Michael on Software

26 March 2019

Everyone in this Industry seems to have a playbook

The big incumbents have the goal to stay on top of the heap; They might follow the advise of the following articles by Joel Spolsky: Smart companies try to commoditize their products’ complements ; another one of this is “fire and motion” And the upstarts have a playbook of their own; disrupt from the low end from position as substitute says Clayton Christiensen

Interesting that each article wants to promote itself as the big Truth; I think that each of them is looking at the same picture from a slightly different perspective. Another thing is that these models look a bit apologetic, they describe the current state (that’s why the argument is quite convincing); It may by extension describe pattern of coming developments, but it might also fail to do so in the future.

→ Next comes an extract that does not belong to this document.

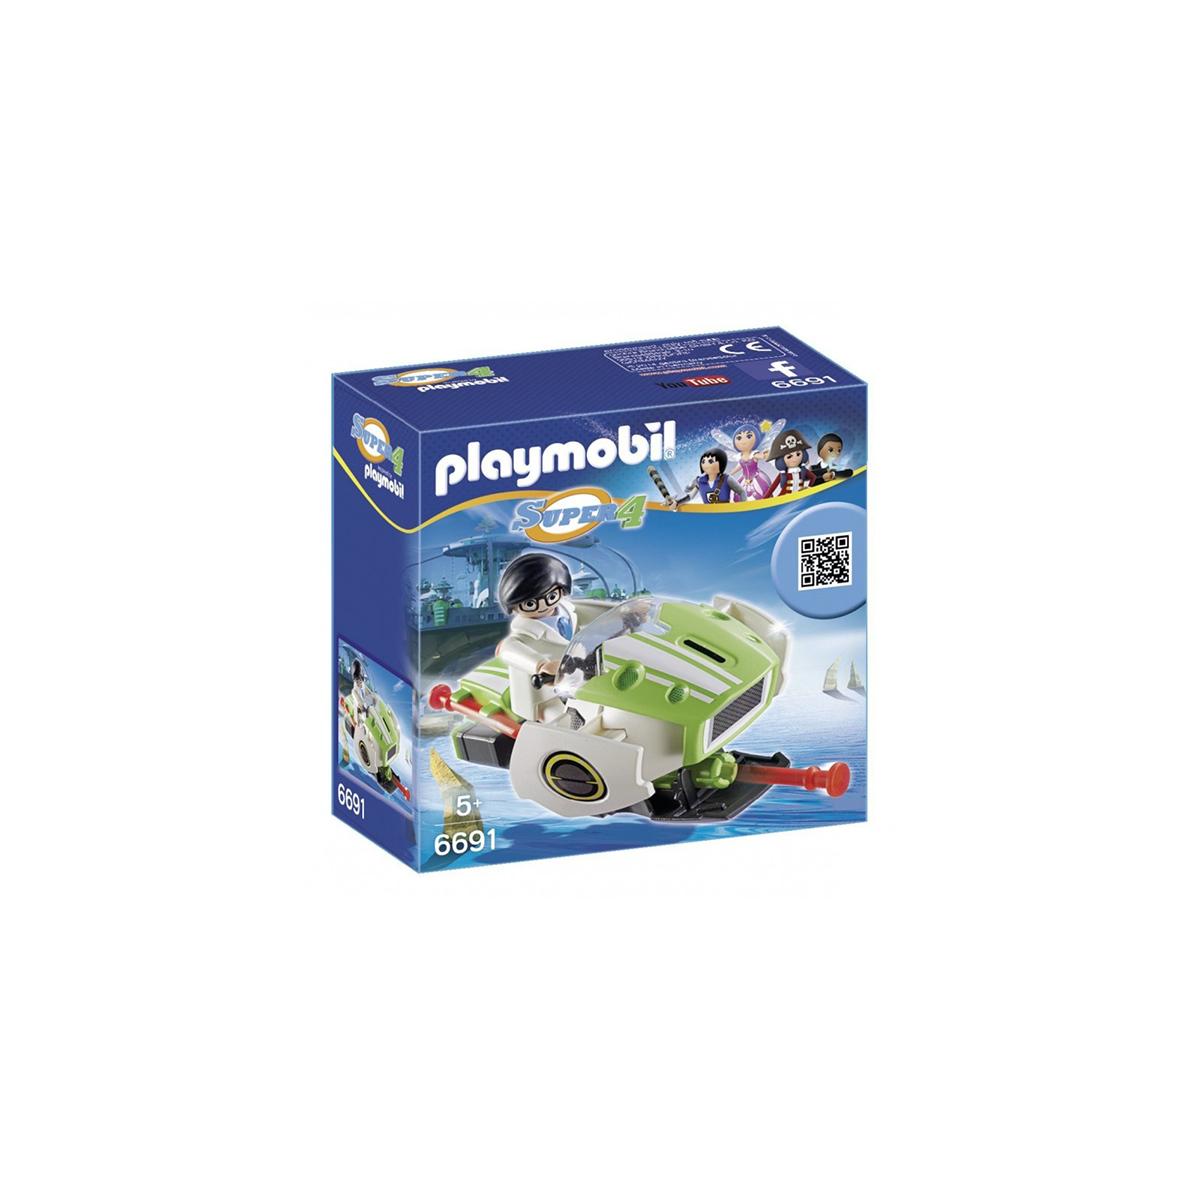 PLAYMOBIL SUPER 4 SKY JET 6691

I think that when any player is creating value, he is by extension also creating opportunities for other players. Its the law of unintended consequences that really counts – every action should be examined in terms of opportunities that it creates for other players, sometimes these unintended side effects turn out to be of major importance; Or: any ecosystem is creating opportunities for a whole range of actors, sometimes the effects af an action is not obvious at first, and the chain of events yields results that contradict the interests of the host/owner of the system.

examples:

  • Sun microsystem developed Java as a tool for smart appliances; as a complementing product that would enable SUN to sell more hardware; several years later the major use case turned out to be enterprise software; now Java is a portable system, so that people started to use Java with cheap x86 servers instead of driving the sales of more expensive machines by Sun.
  • The Facebook API as a tool for third-party integration was used by Cambridge Analytica, resulting into major fallout for Facebook. Of course users of this social network do get a lot of utility out of it; but the whole story did bring it to their attention that Facbook is not just making money by selling targetted adds; their data is part of the product and is being sold and repackaged for profit; this insight turned into quite a bit of resentment against facebook.
  • I think very complex social networking sites are becoming hard to govern, because there is this multitude of players who also try to use the system to their own advantage.
  • Thinking in terms of an ecosystem of different players is harder, but may become necessary when systems start to involve a lot of actors.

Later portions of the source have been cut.